Given the relatively small size of the EBV genome, the sequencing capacity of Illumina sequencers allows for multiplexing of large number of genomes in a run. We showed here that the EBV portion of the total DNA in cell lines and NPC biopsy specimens can be enriched to ca. 75% of the total raw reads. If we aimed for 500-fold coverage, as in our resequencing of B95-8, C666-1, and HKNPC1, roughly 100 Mb of sequence output per sample is required. The MiSeq sequencer is suggested to have 15 Gb of output with 25 million sequencing reads; hence, it is possible to sequence as many as 150 EBV genomes per run. The output of HiSeq2500 is suggested to be 1 Tb at best, which is equivalent to 10,000 genomes' worth of output. This dramatic increase in genome output highlights the advantage of using target capture to enrich EBV DNA from total DNA of samples.

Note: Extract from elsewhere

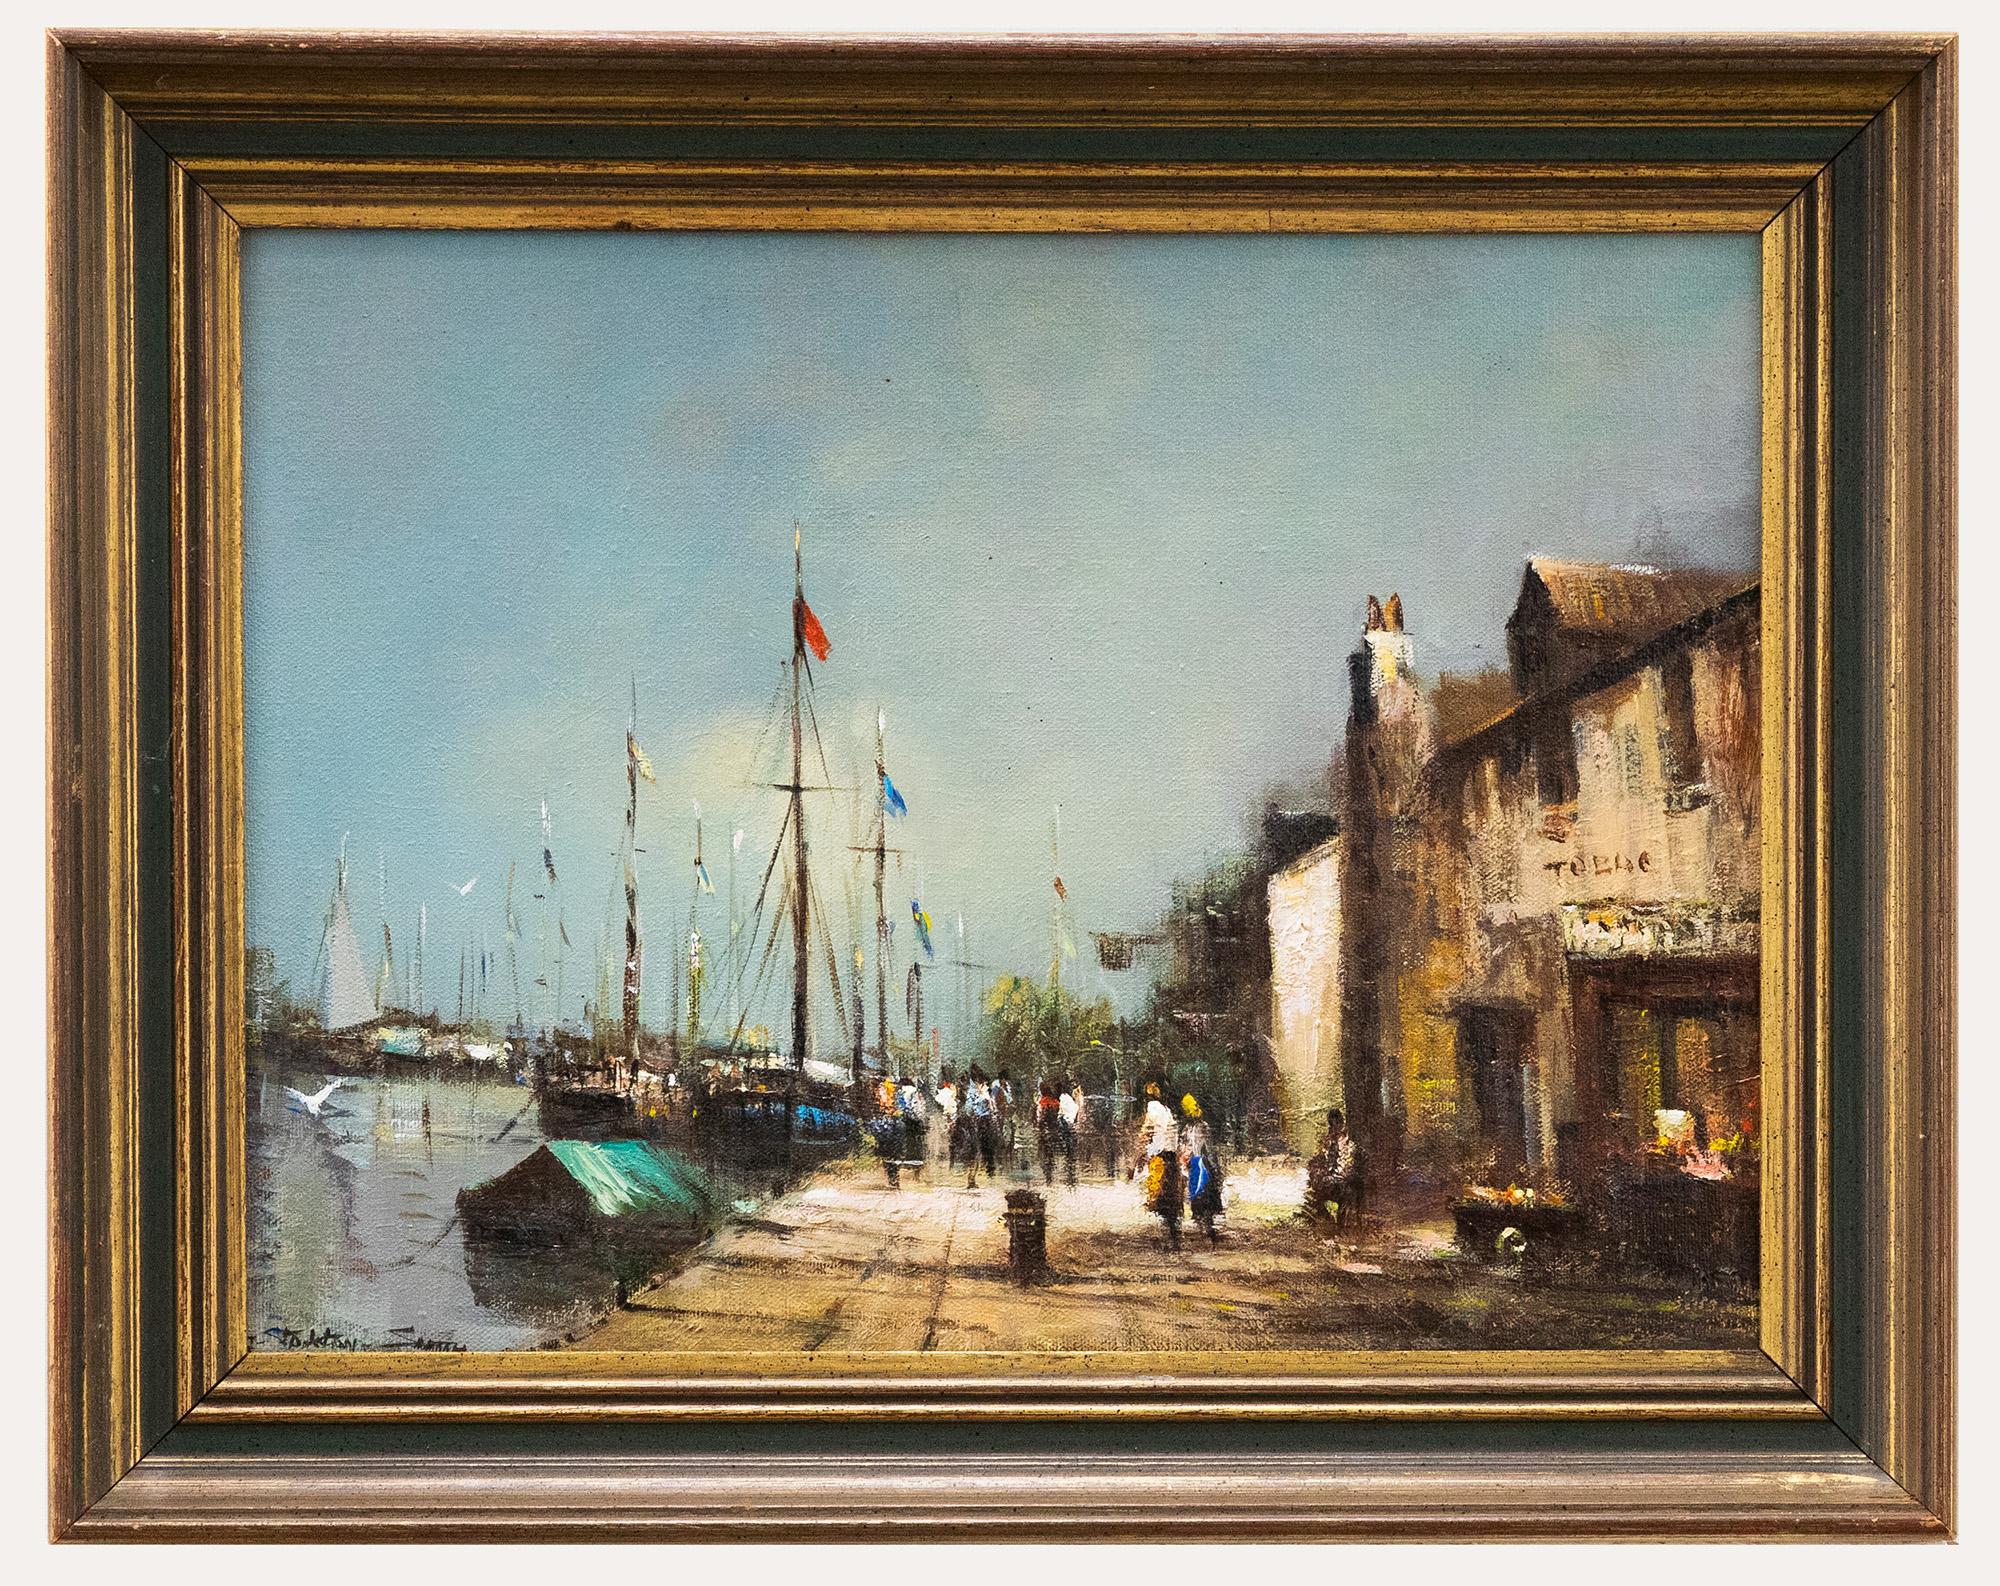 Unknown Figurative Painting - Donald Stockton-Smith - Framed Contemporary Oil, Honfleur

The heterogeneity of HKNPC1 and the other eight newly sequenced NPC-EBV genomes ranged from 0.019% (HKNPC1) to 0.055% (HKNPC6) and was much lower than the interstrain variability of ca. 0.5% for virus of the same type, indicating that the heterogeneity is unlikely to be the result of coinfection of different viral strains. The small degree of heterogeneity suggested that the current view of clonal expansion in NPC remains valid. However, spontaneous mutations might arise in the EBV genomes during the process of clonal expansion.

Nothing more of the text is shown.